**EXERCISE DESCRIPTION**
Would you reproduce exactly the lines below from the one holding "21 Model Rumah" through the one holding "Black Goku Dragon", inclusive, and no others?

**MATERIAL SHOWN**

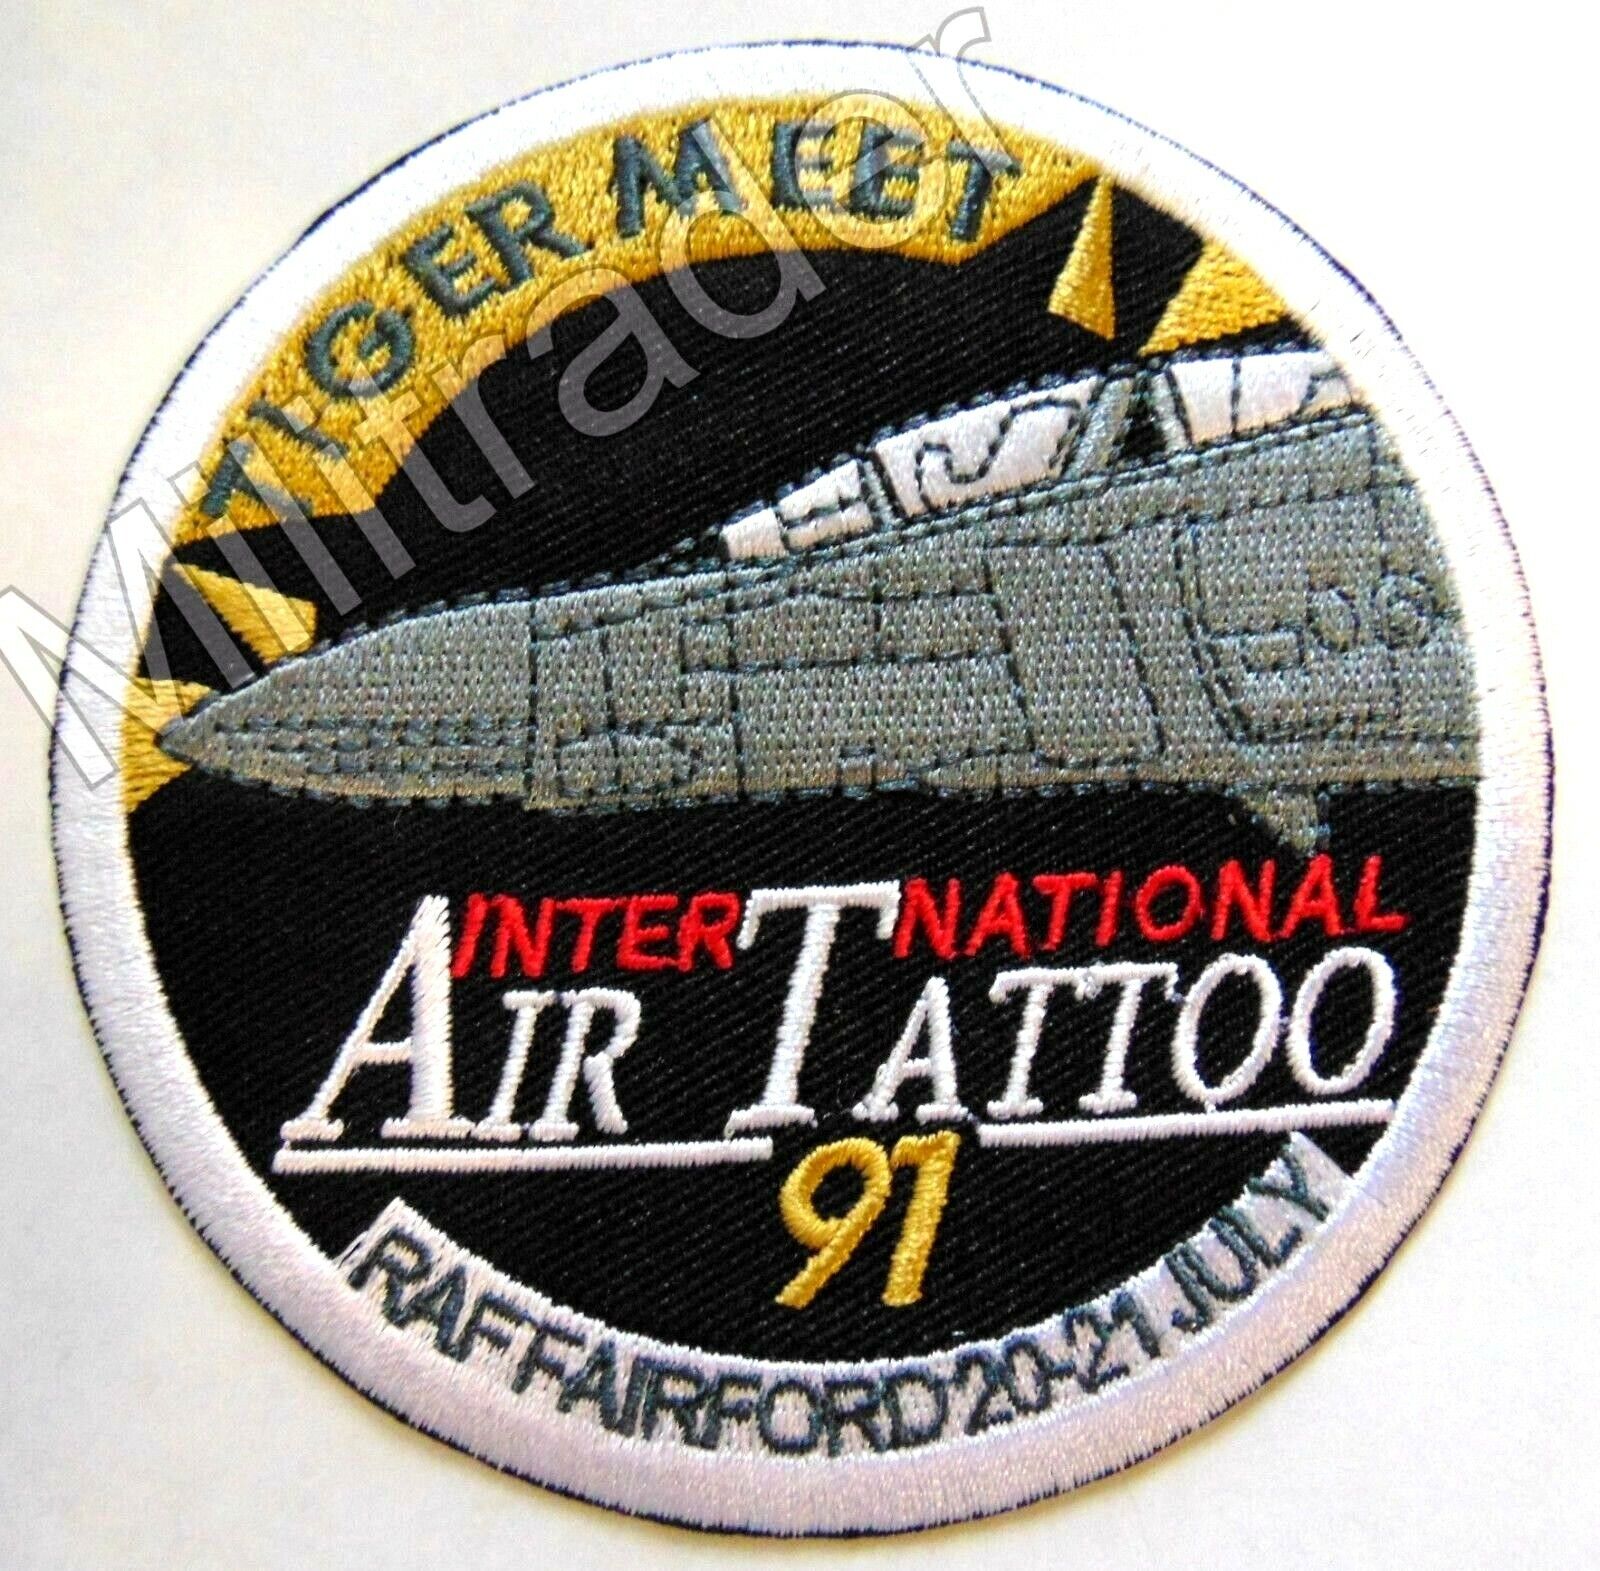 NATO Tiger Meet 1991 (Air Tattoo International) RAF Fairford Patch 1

==

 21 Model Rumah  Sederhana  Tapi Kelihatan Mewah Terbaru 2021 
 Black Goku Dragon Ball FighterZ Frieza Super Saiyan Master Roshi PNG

...

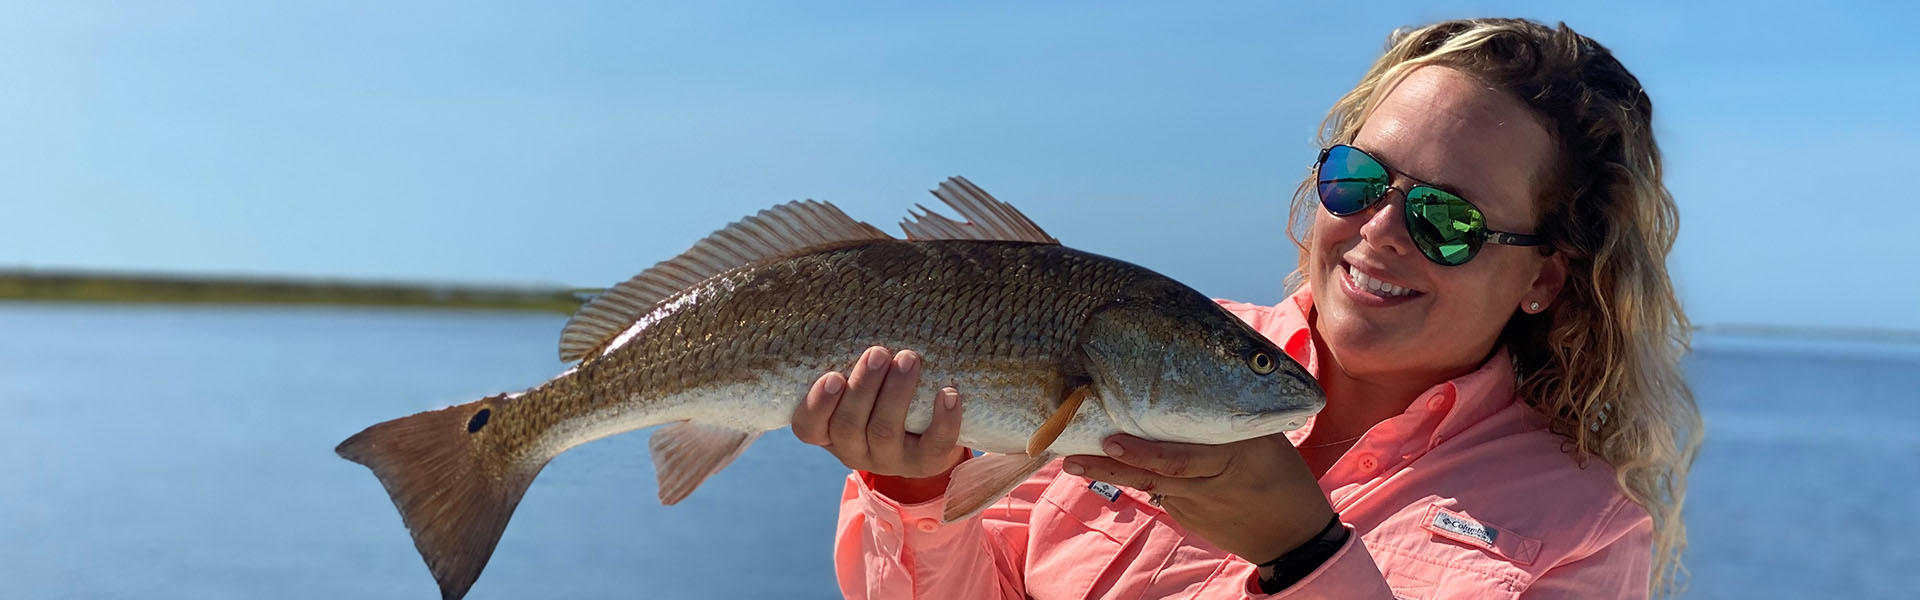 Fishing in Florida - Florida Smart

**OUTPUT OF THE TASK**
 21 Model Rumah  Sederhana  Tapi Kelihatan Mewah Terbaru 2021 
 Black Goku Dragon Ball FighterZ Frieza Super Saiyan Master Roshi PNG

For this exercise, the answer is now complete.